I'm training a multivariate linear regression model using sklearn. All good. However, I'm struggling to understand the math underneath it when using training examples with several features. Concretely, I'd like to know if there is a general polynomial equation that resolves for any feature size vectors. The first equation on this link shows the generalized equation when x is a single number.
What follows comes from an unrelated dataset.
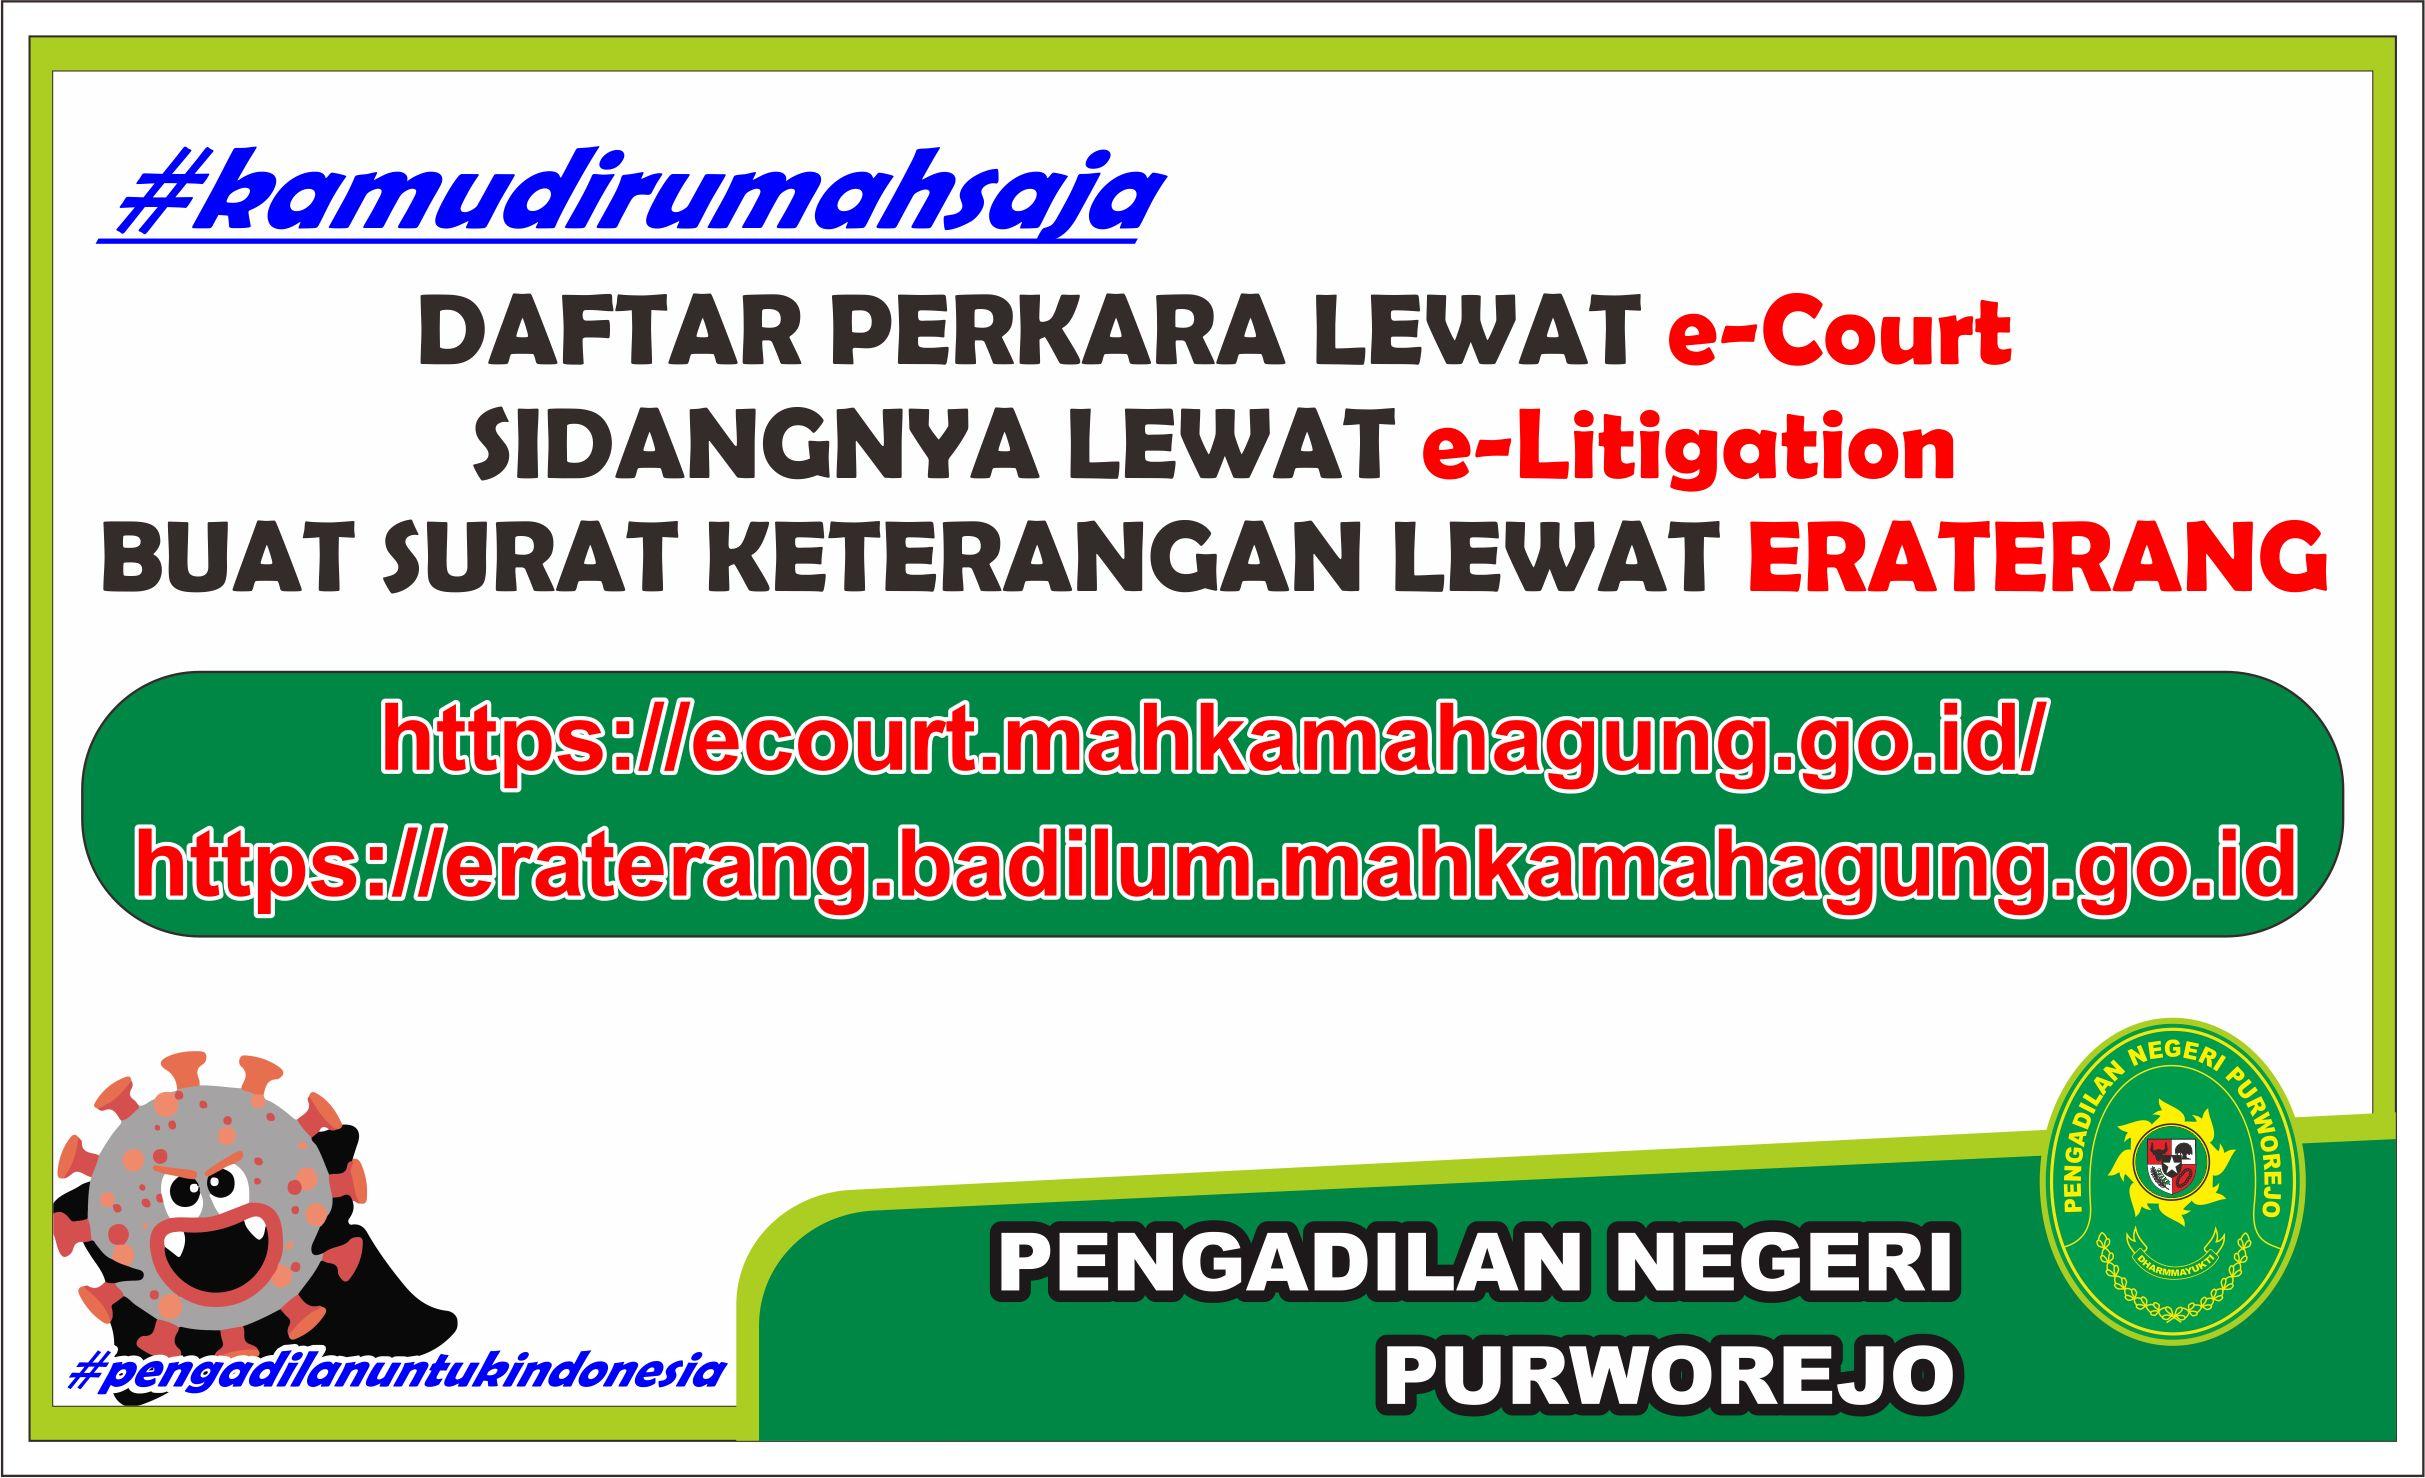 Pelayanan Pendaftaran Perkara Selama Masa Pencegahan Penyebaran Covid-19 pada Pengadilan Negeri Purworejo Kelas I B

How do I extrapolate this when x is, for instance, a 3-element vector?
This is a practical example of what I'm trying to understand.
What you're looking for is a general linear model, which includes special cases like simple and multiple linear regression, ANOVA models, polynomial regression, etc. The general form is $\mathbf{Y} = \mathbf{X}\boldsymbol\beta + \boldsymbol{\varepsilon}$, where $\mathbf{Y}$ is the vector of responses, $\mathbf{X}$ is the design matrix (containing all the terms without the coefficients), $\boldsymbol\beta$ is the vector containing the coefficients, and $\boldsymbol\varepsilon$ is the vector of random errors satisfying $E(\boldsymbol\varepsilon) = \mathbf{0}, Var(\boldsymbol\varepsilon) =\sigma^2 \mathbf{I}$.
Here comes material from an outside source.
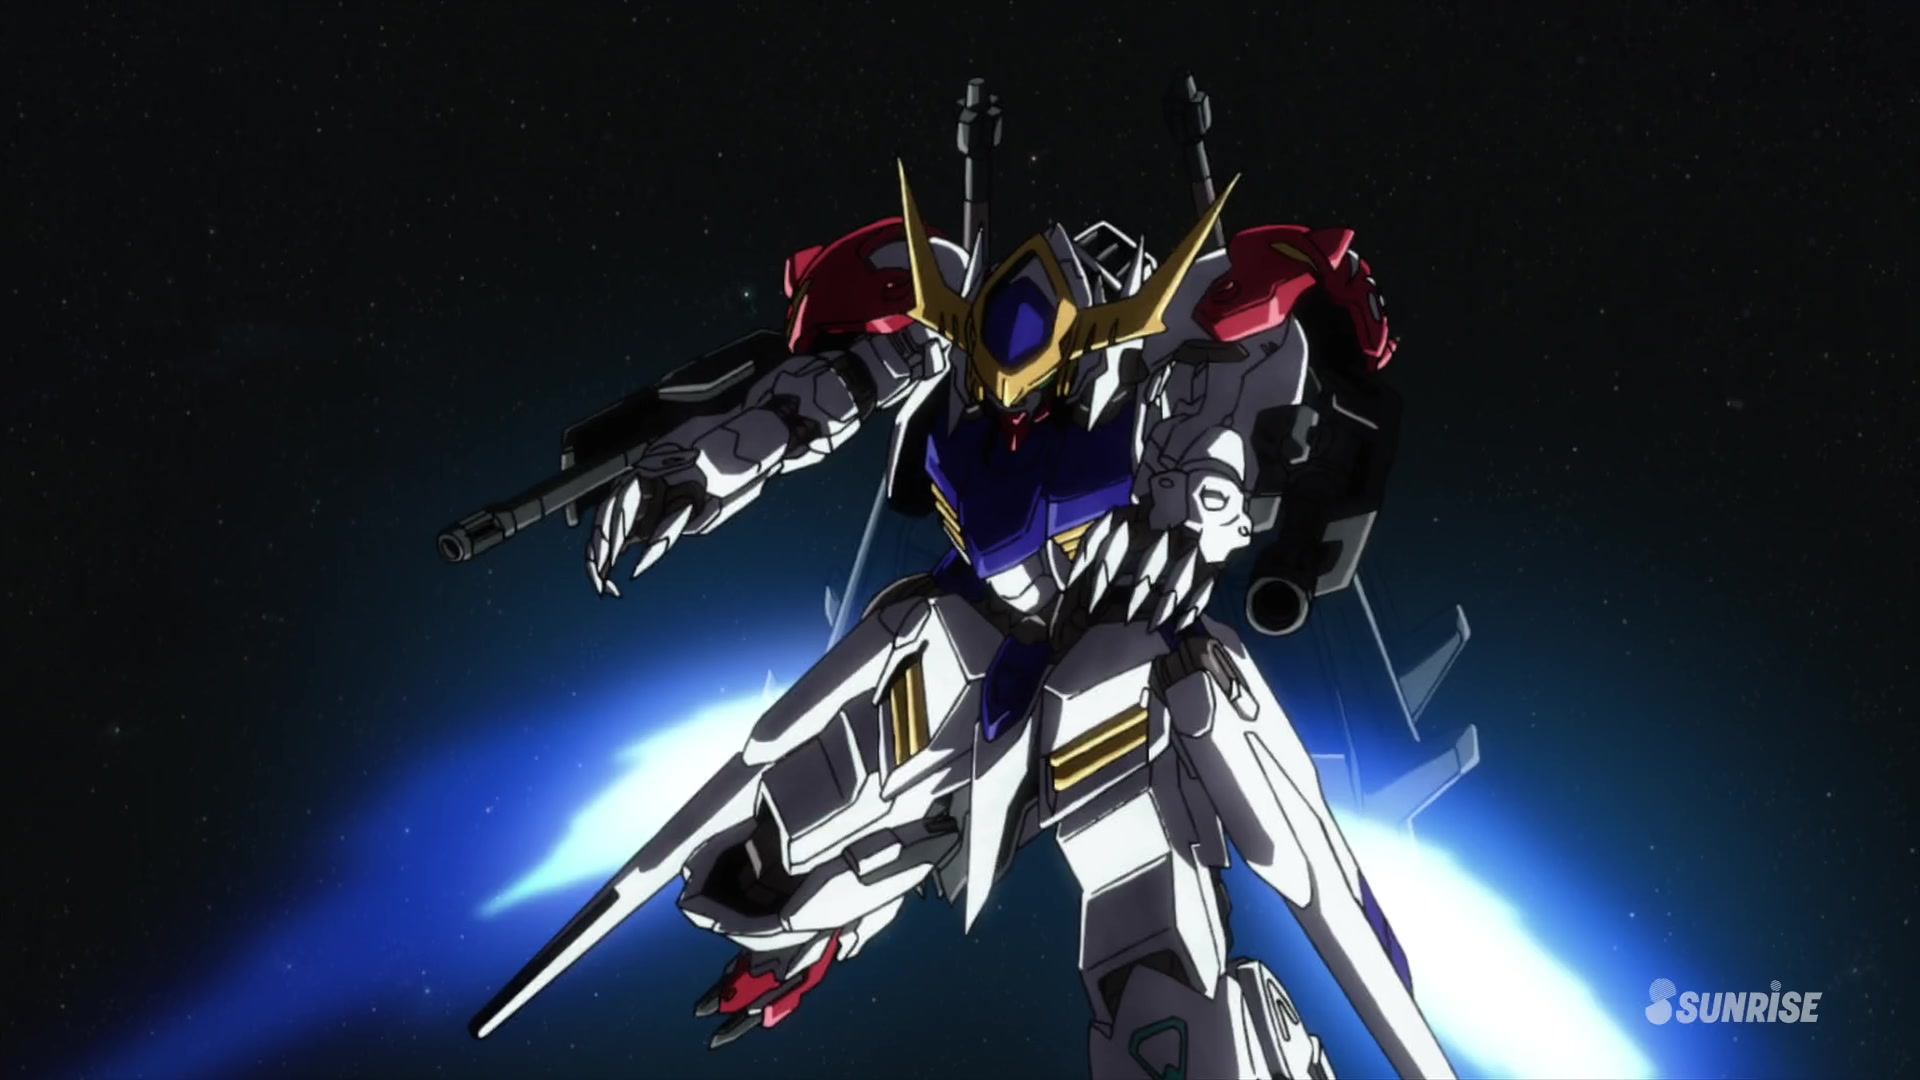 Image Asw G 08 Gundam Barbatos Lupus Episode 28 200mm

Written out in full, your RGB model would look like something like this:
$ \begin{bmatrix} y_1\\ y_2\\ y_3 \\ \vdots \\ y_n \end{bmatrix}= \begin{bmatrix} 1 & r_1 & g_1 & b_1 & r_1^2 & g_1^2 & b_1^2 & r_1g_1 & r_1b_1 & g_1b_1 \\ 1 & r_2 & g_2 & b_2 & r_2^2 & g_2^2 & b_2^2 & r_2g_2 & r_2b_2 & g_2b_2 \\ 1 & r_3 & g_3 & b_3 & r_3^2 & g_3^2 & b_3^2 & r_3g_3 & r_3b_3 & g_3b_3 \\ \vdots & \vdots & \vdots & \vdots & \vdots & \vdots & \vdots & \vdots & \vdots & \vdots \\ 1 & r_n & g_n & b_n & r_n^2 & g_n^2 & b_n^2 & r_ng_n & r_nb_n & g_nb_n \end{bmatrix} \begin{bmatrix} \beta_0\\ \beta_1\\ \beta_2\\ \beta_3 \\ \beta_4 \\ \beta_5 \\ \beta_6 \\ \beta_7 \\ \beta_8 \\ \beta_9 \\ \beta_{10} \end{bmatrix} + \begin{bmatrix} \varepsilon_1\\ \varepsilon_2\\ \varepsilon_3 \\ \vdots \\ \varepsilon_n \end{bmatrix} $